:: What is needed ::
Pictures in the listing below are skipped, while the lines from the "Deion Sanders Autographed/Signed" line through the "Portrait Of Man" line are returned word for word.

== Available data

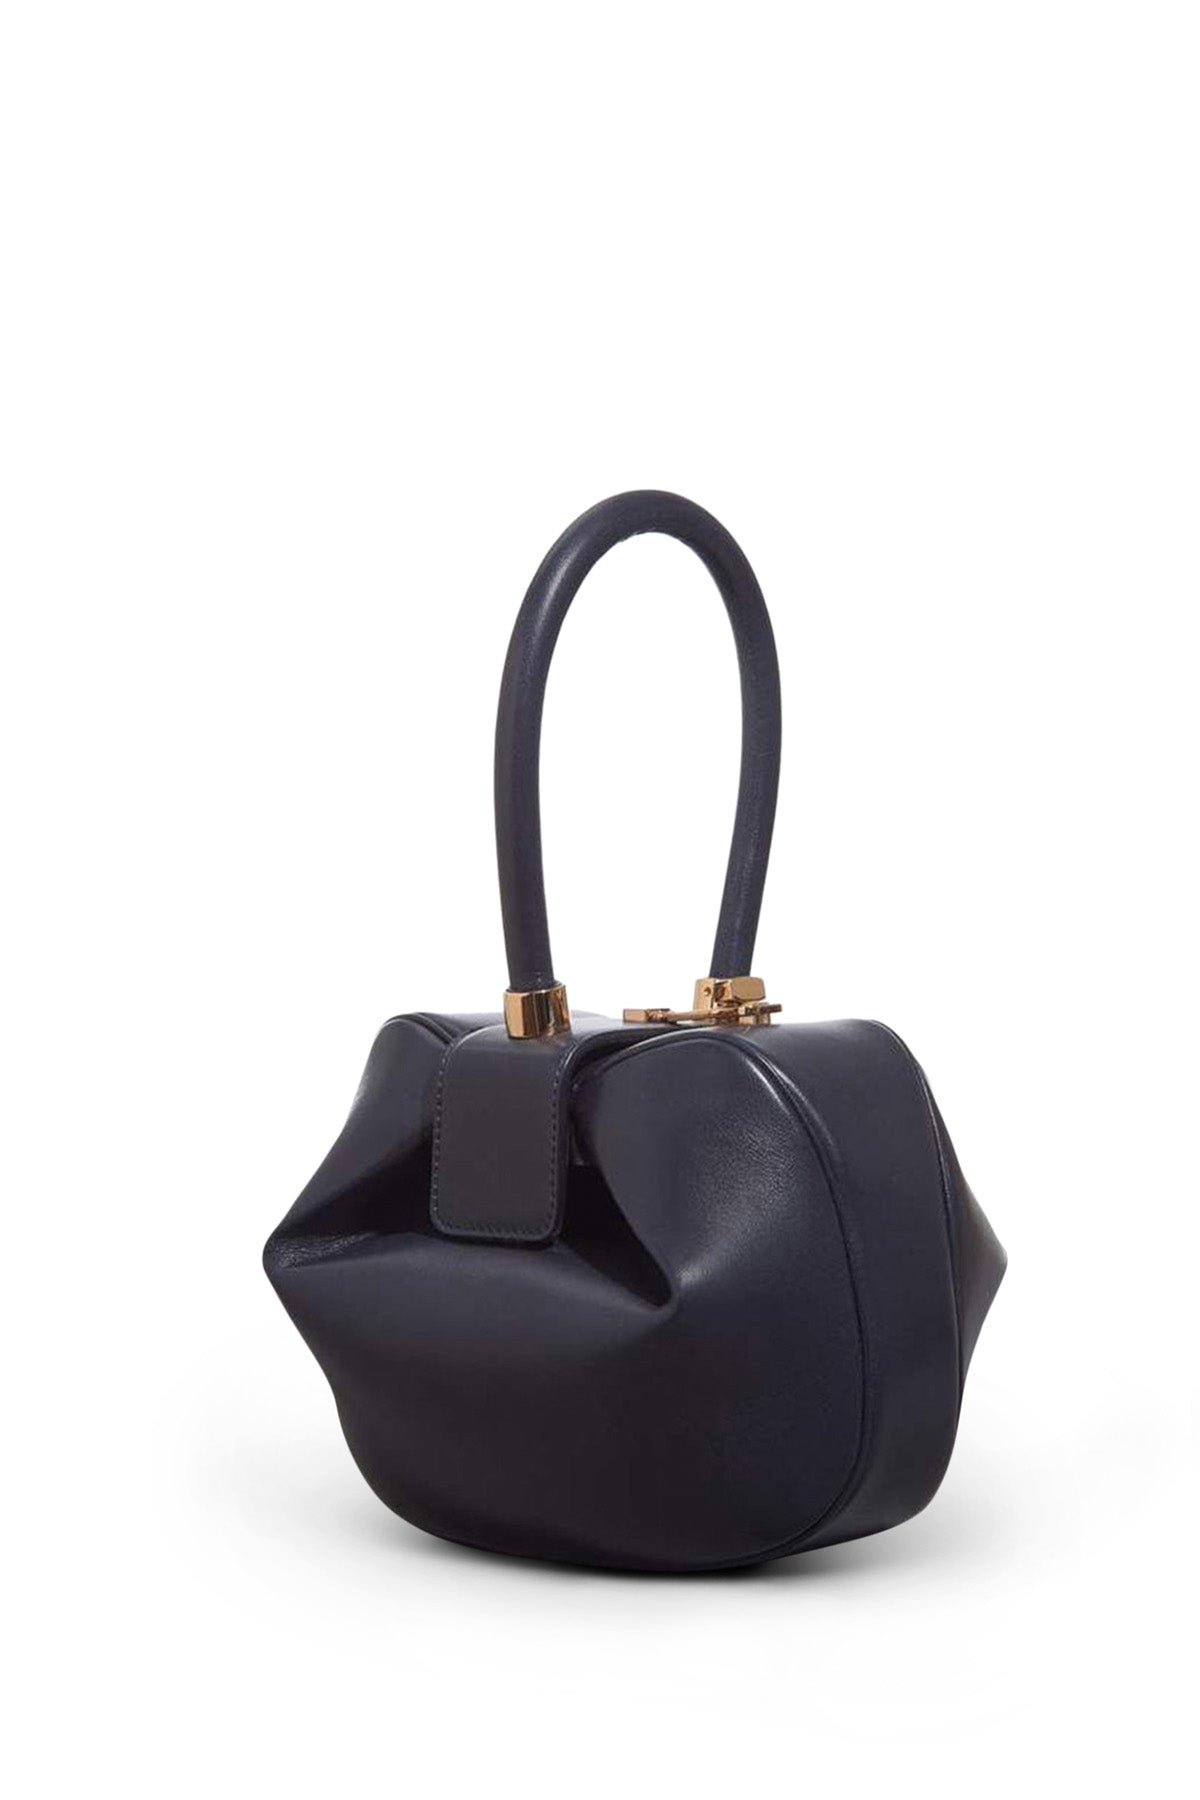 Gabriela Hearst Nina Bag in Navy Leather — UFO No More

====
== Available data

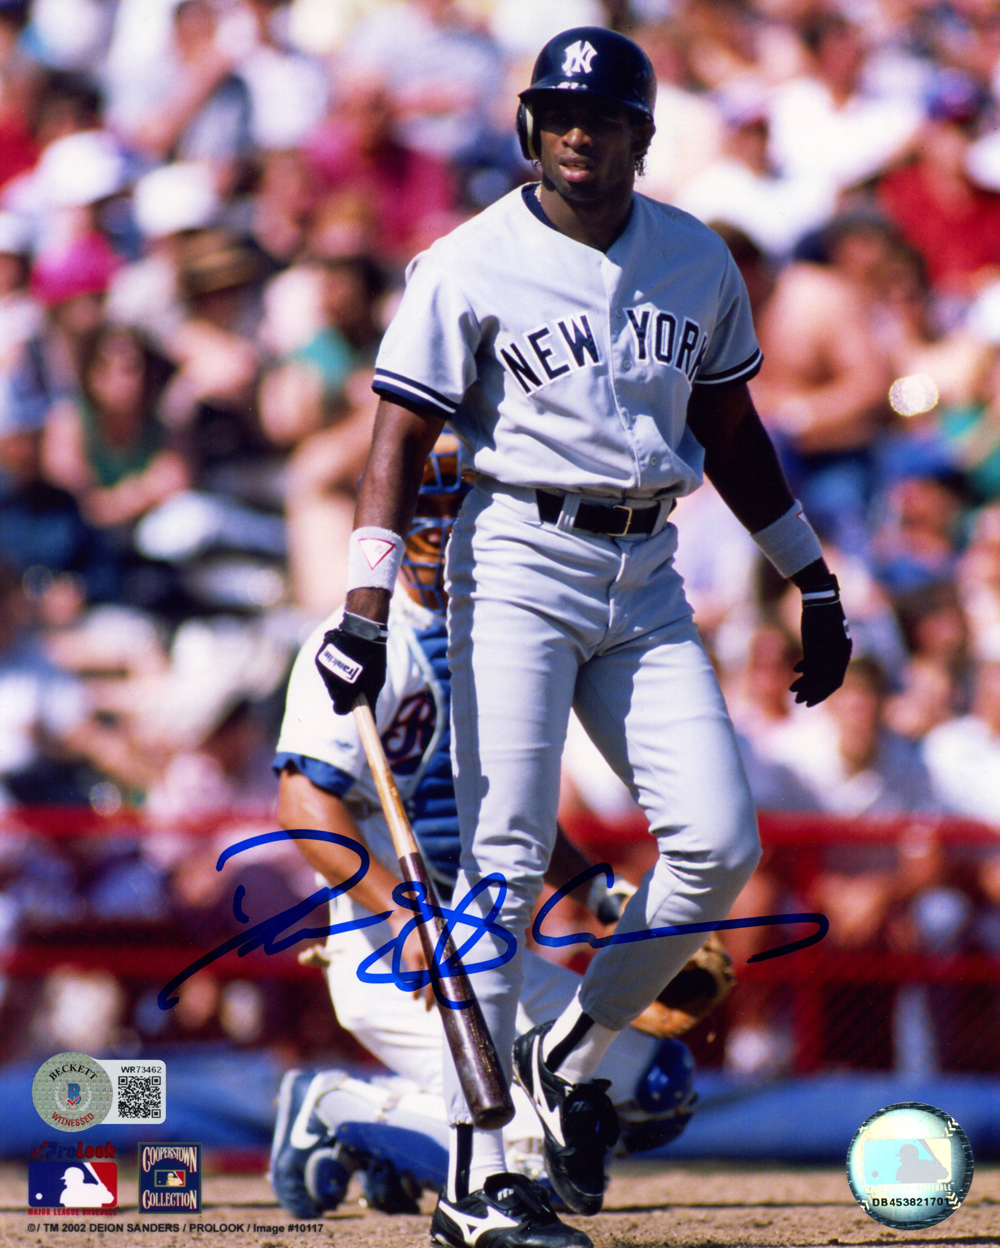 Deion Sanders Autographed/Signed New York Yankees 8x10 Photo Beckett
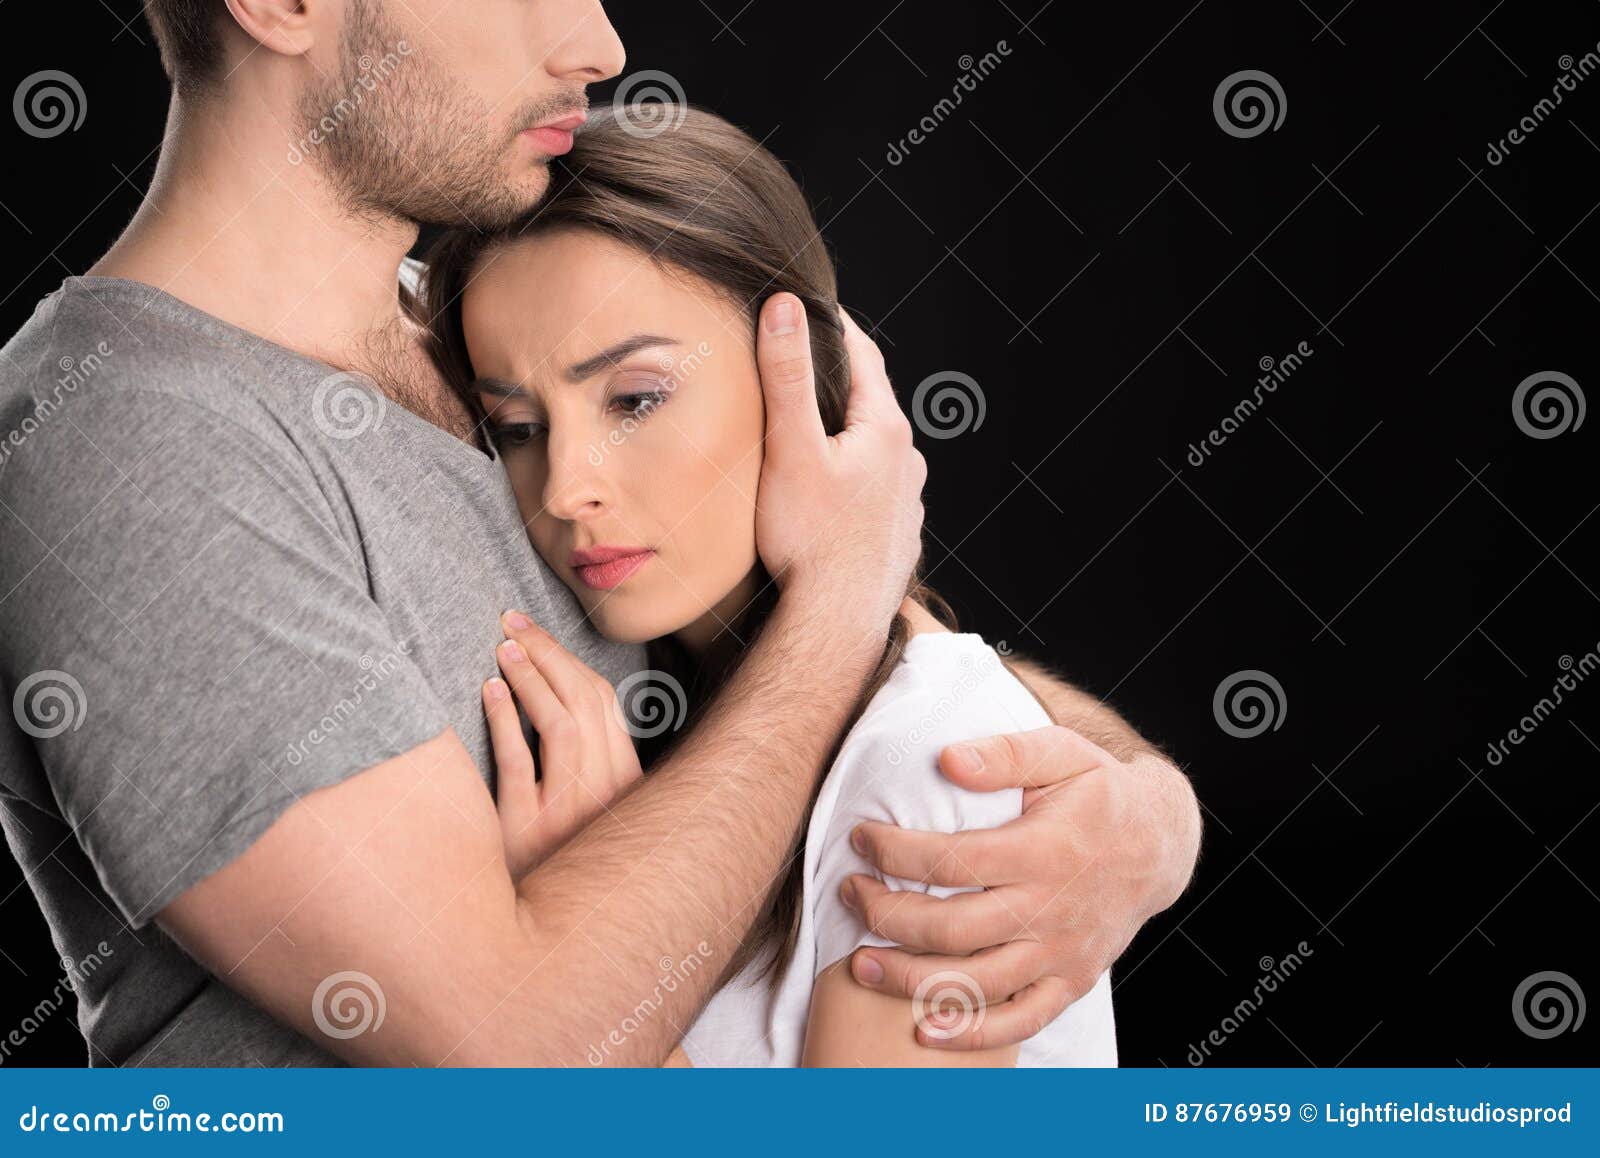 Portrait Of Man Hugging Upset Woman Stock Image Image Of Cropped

====

:: Response to this task ::
 Deion Sanders Autographed/Signed New York Yankees 8x10 Photo Beckett
 Portrait Of Man Hugging Upset Woman Stock Image Image Of Cropped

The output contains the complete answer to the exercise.